> **SOURCE MATERIAL**:
╔══

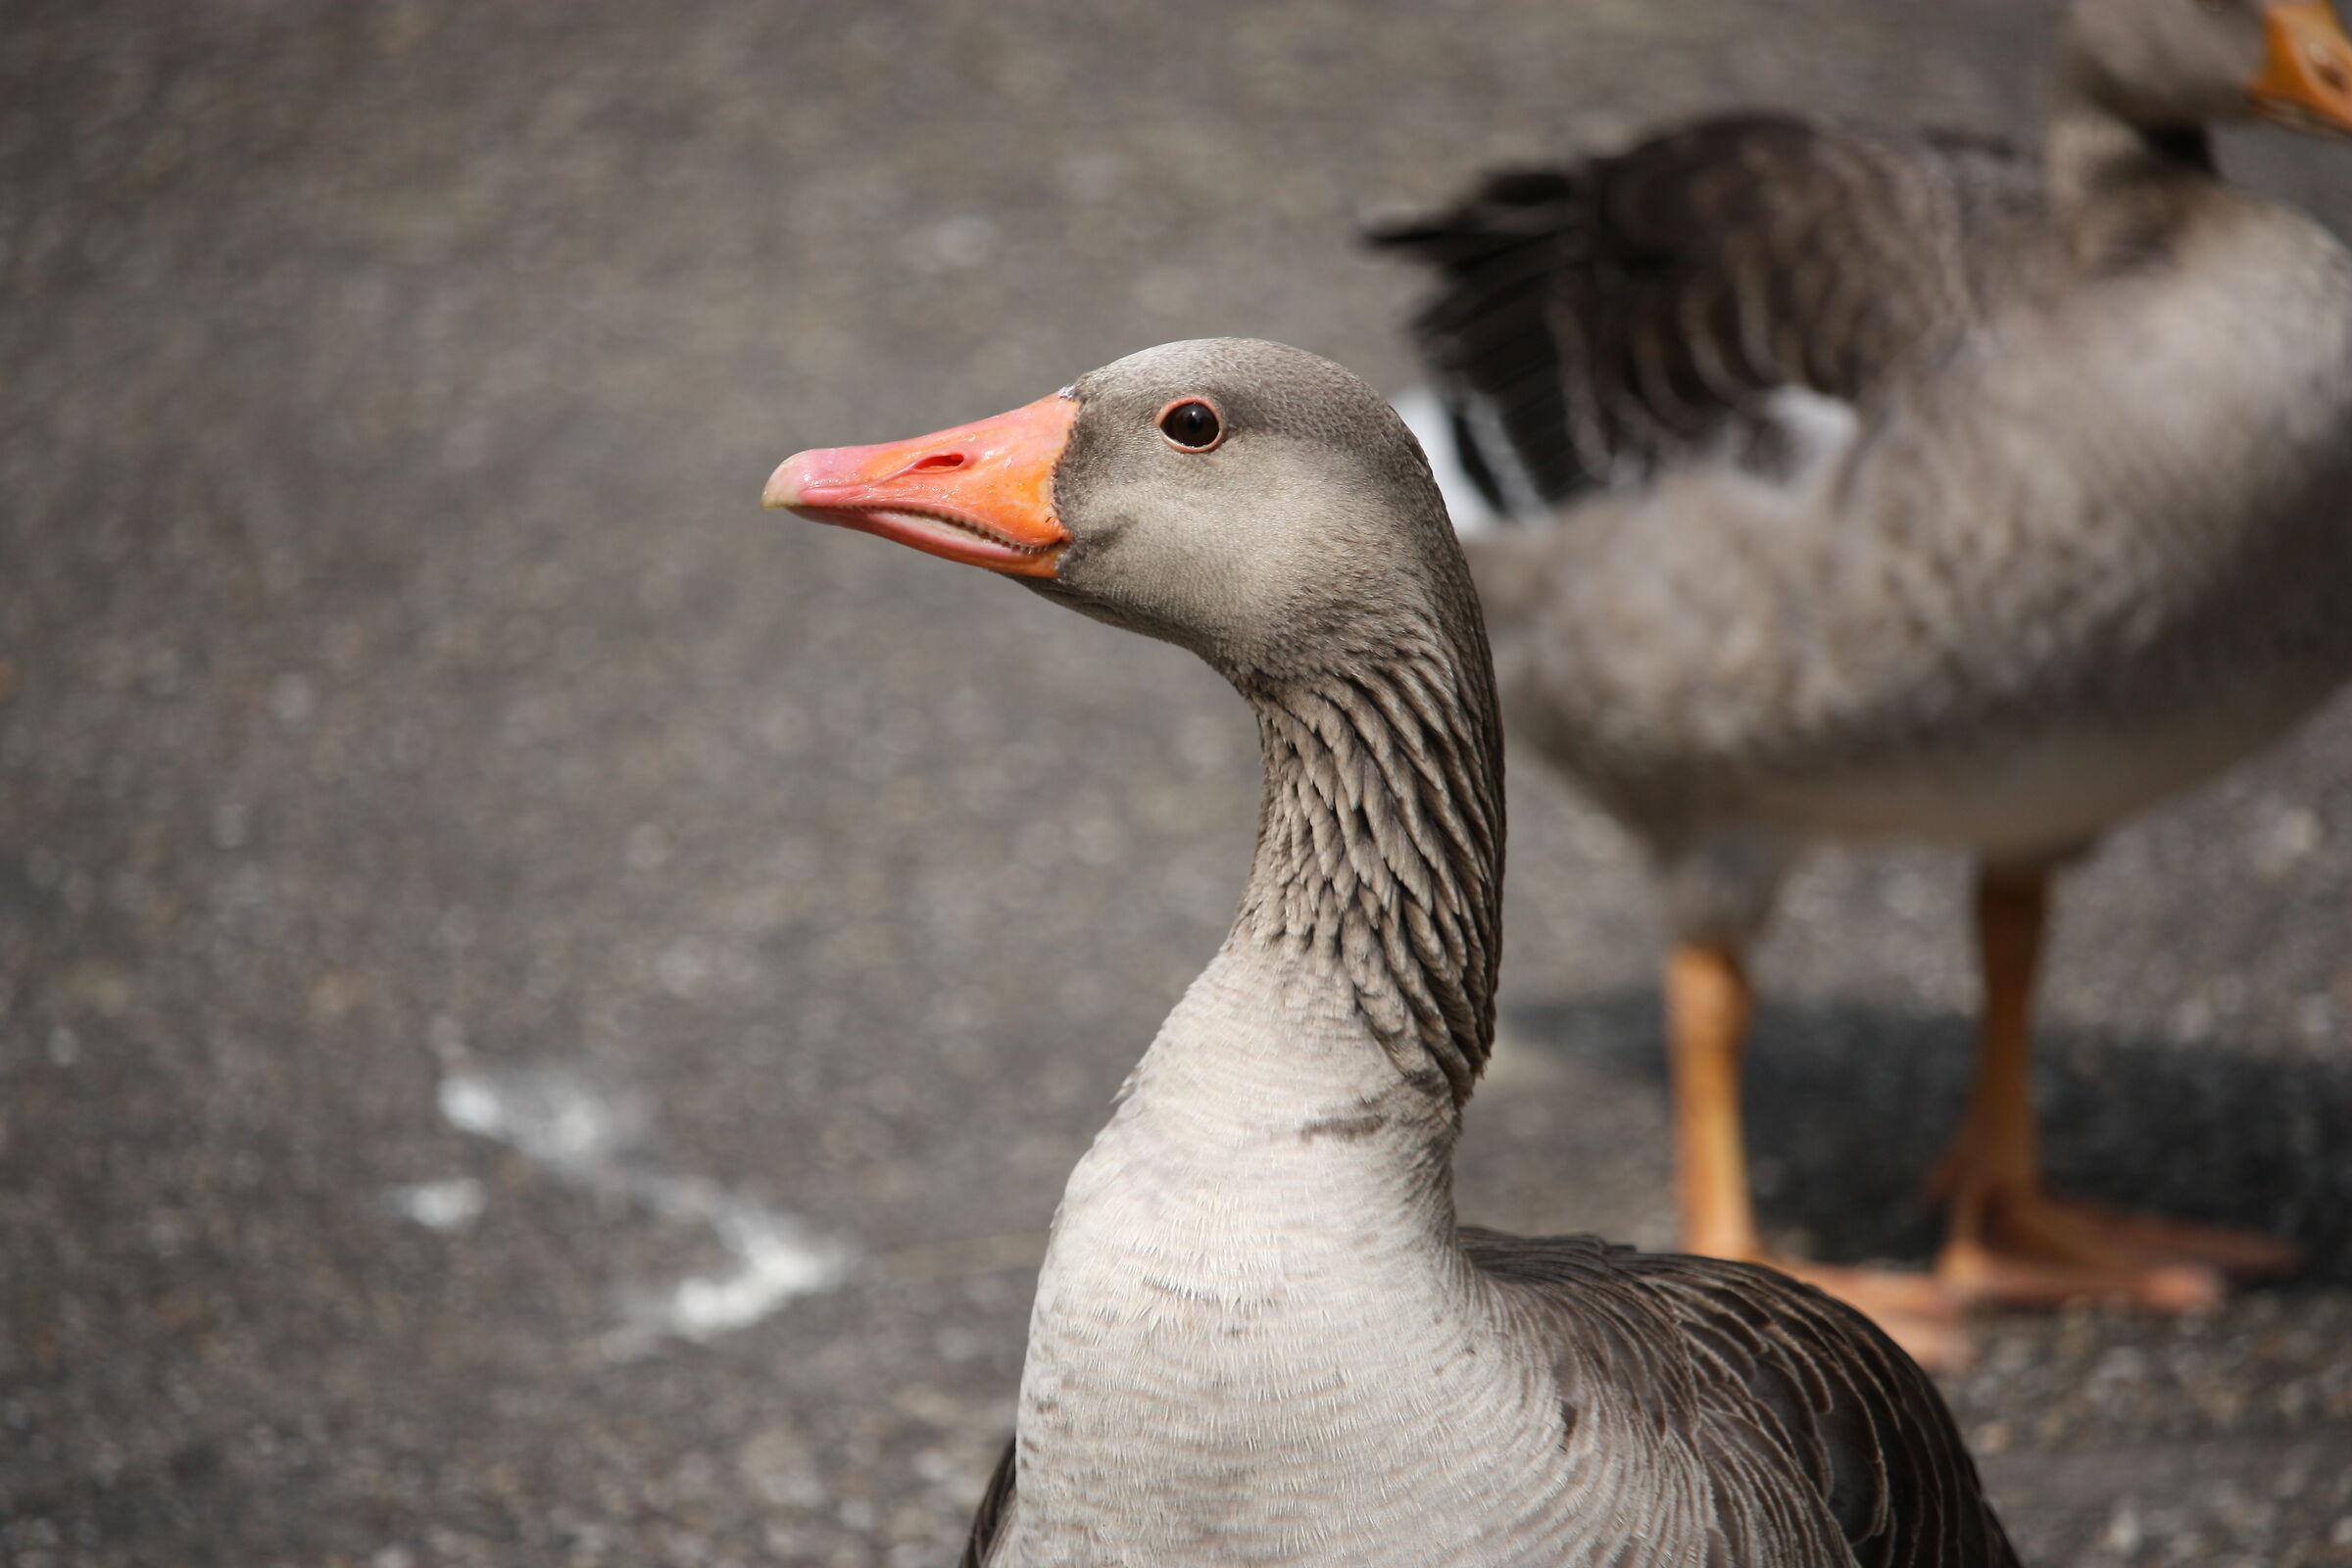 Greylag goose in Kronenburgerpark, Nijmegen...
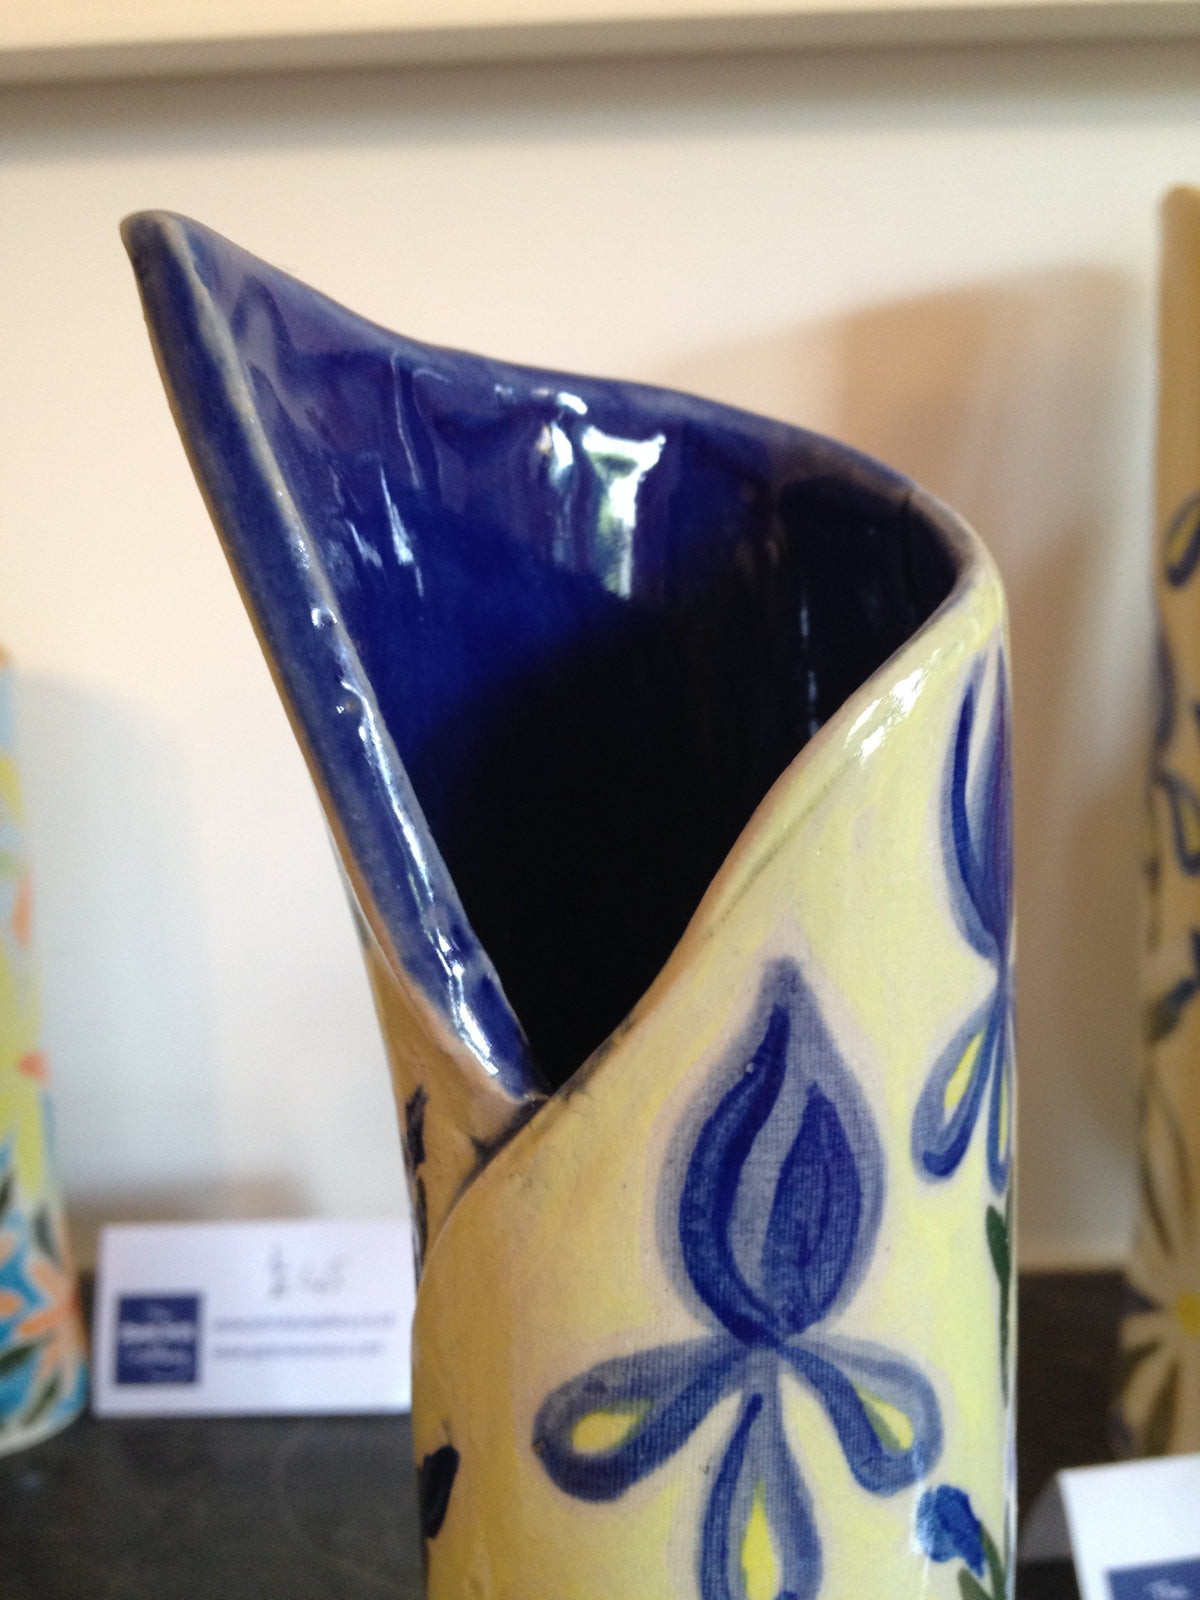 Cornish Ceramic Vase with Blue Iris by Joanne Short
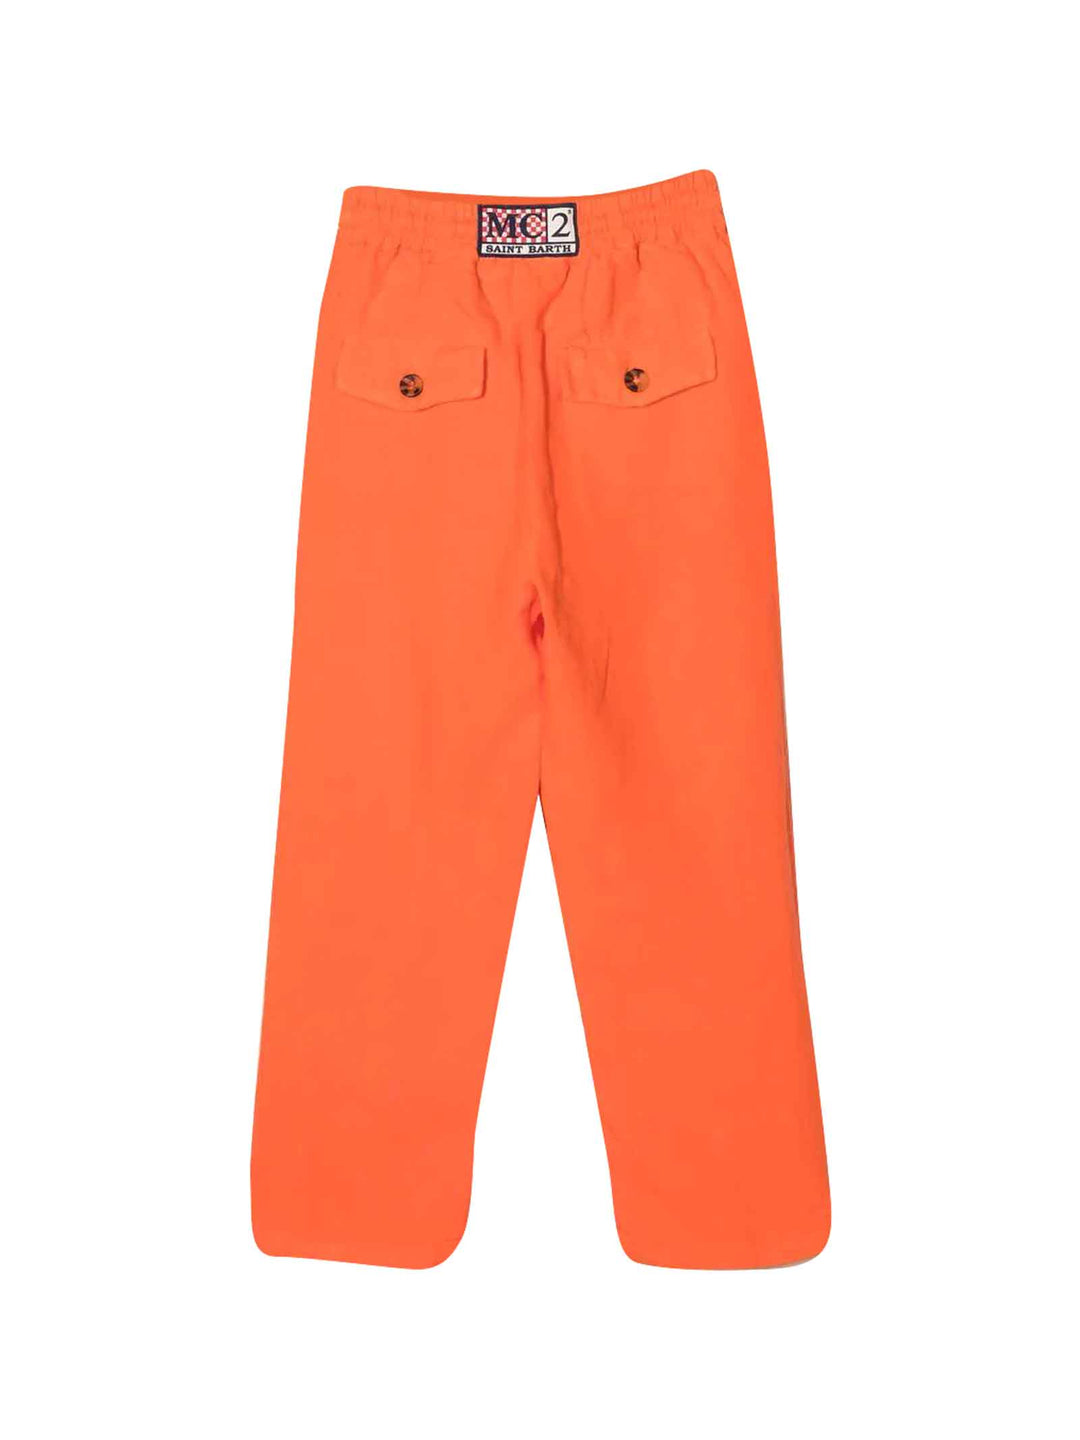 Pantaloni arancio unisex

╚══

> **WHAT THE TASK REQUIRES**:
Print the material again, unchanged, without its pictures.

> **EXERCISE RESULT**:
 Greylag goose in Kronenburgerpark, Nijmegen...
 Cornish Ceramic Vase with Blue Iris by Joanne Short
 Pantaloni arancio unisex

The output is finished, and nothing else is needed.